McLaren Racing’s predictive maintenance strategy
A real-world example of predictive maintenance in action is McLaren Racing, where the power of data analytics plays a critical role in enhancing both performance and efficiency. Each Formula 1 race weekend generates around 1.5 TB of data from sources such as telemetry sensors, computational fluid dynamics, and the wind tunnel. With Alteryx, McLaren Racing processes this data in real time, allowing engineers to optimise vehicle design and race strategy at each stage. Predictive maintenance is integral to their approach, helping McLaren manage everything from component performance to driver telemetry, supporting the team’s competitive edge.
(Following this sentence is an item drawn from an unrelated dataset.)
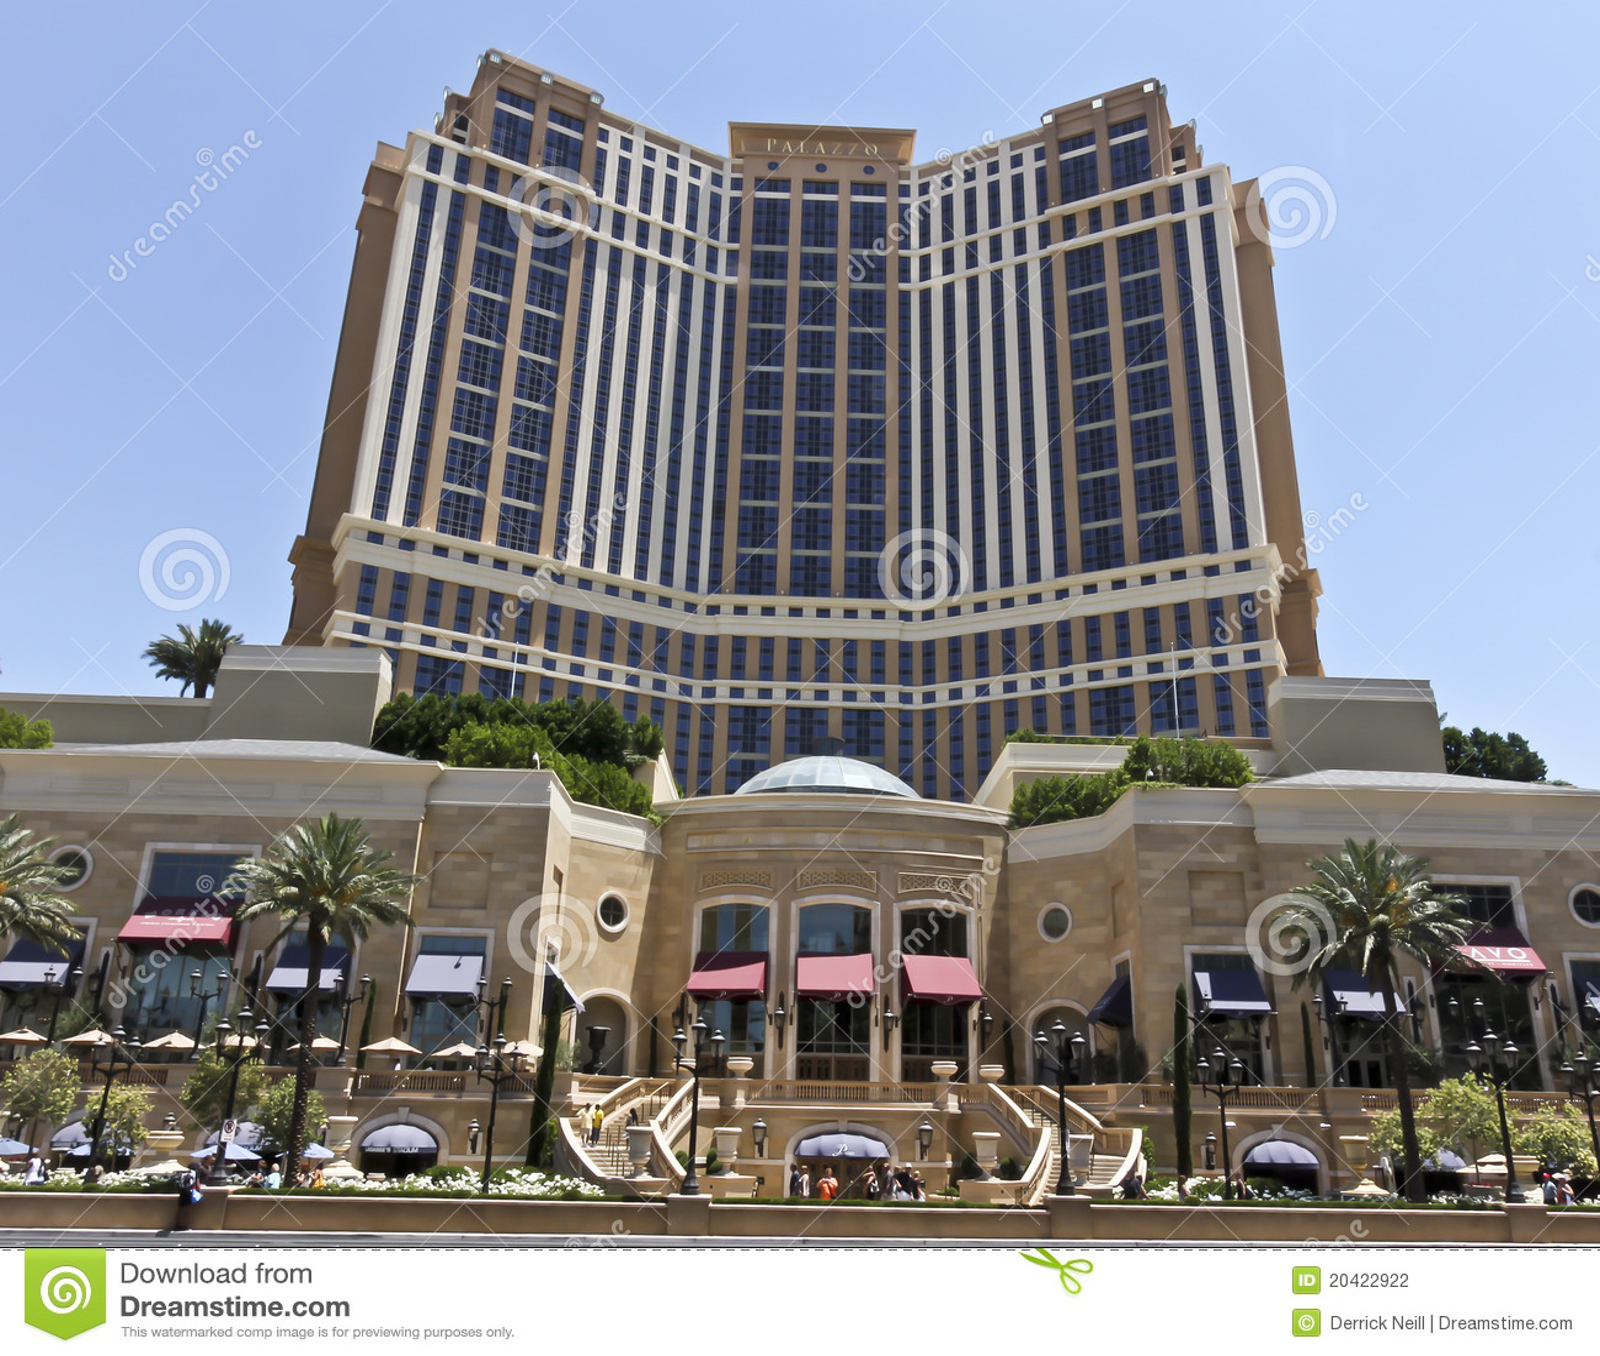 Palazza casino in nevada gambling creates jobs

McLaren’s use of predictive maintenance extends beyond the racetrack. Alteryx enables the team to integrate data across different business functions, such as marketing and finance. For the marketing team, Alteryx’s geospatial capabilities allow them to correlate fan data with location information to create targeted engagement opportunities. The finance team, on the other hand, uses predictive analytics to align with commercial goals and ensure compliance with Formula 1’s budget caps. This cross-functional approach demonstrates how McLaren leverages predictive maintenance not just to improve performance but also to optimise the entire organisation, staying agile and data-driven in a high-stakes environment.
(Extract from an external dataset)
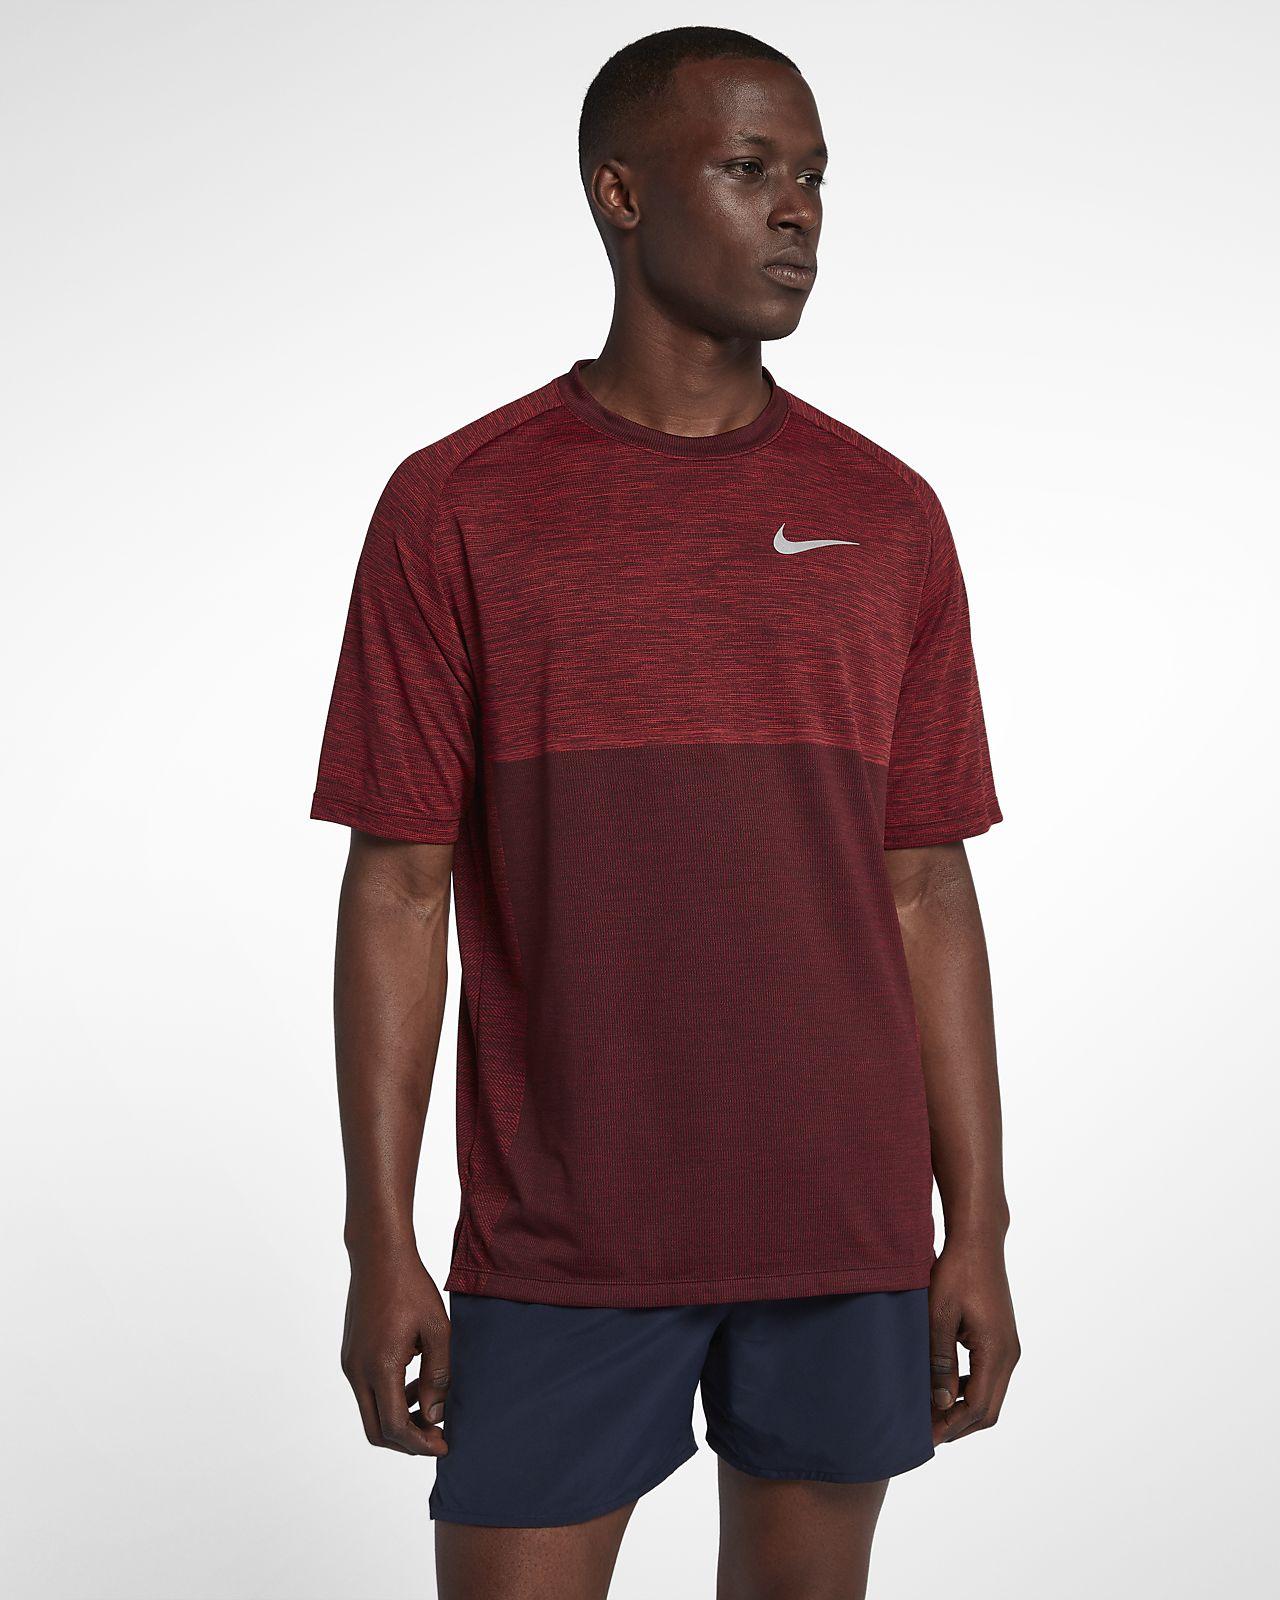 cf77f174 Nike Dri-FIT Medalist Men's Short-Sleeve Running Top. Nike.com IE

Predictive maintenance stands at the forefront of manufacturing’s digital transformation. The journey may be complex, but the benefits are undeniable: cost savings, efficiency gains, and strategic insights that help organisations stay competitive. For manufacturing leaders exploring predictive maintenance, Jacobson recommends a collaborative approach. “Bringing in insights from technology providers or peers who are further along in the journey can be invaluable,” he says. “Learning from others makes these projects less daunting, and many are surprised by how quickly people can gain data skills. It is not only about training your team; executives need to understand these tools too. I recently led a session with senior leaders on AI and LLMs to help them understand how the technology works. When executives are confident with the tools, they can make informed decisions and guide their teams effectively.”
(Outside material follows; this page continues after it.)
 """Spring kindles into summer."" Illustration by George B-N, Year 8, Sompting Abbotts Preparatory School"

The future of predictive maintenance is promising, as more companies embrace AI-driven data practices. Manufacturers investing in robust analytics platforms, upskilling their teams, and balancing security concerns will find themselves well-positioned to benefit from predictive maintenance’s full potential. By tackling the challenges of data integration, accessibility, and security, companies can leverage predictive maintenance as a competitive advantage, making it an essential part of the data-driven future of manufacturing.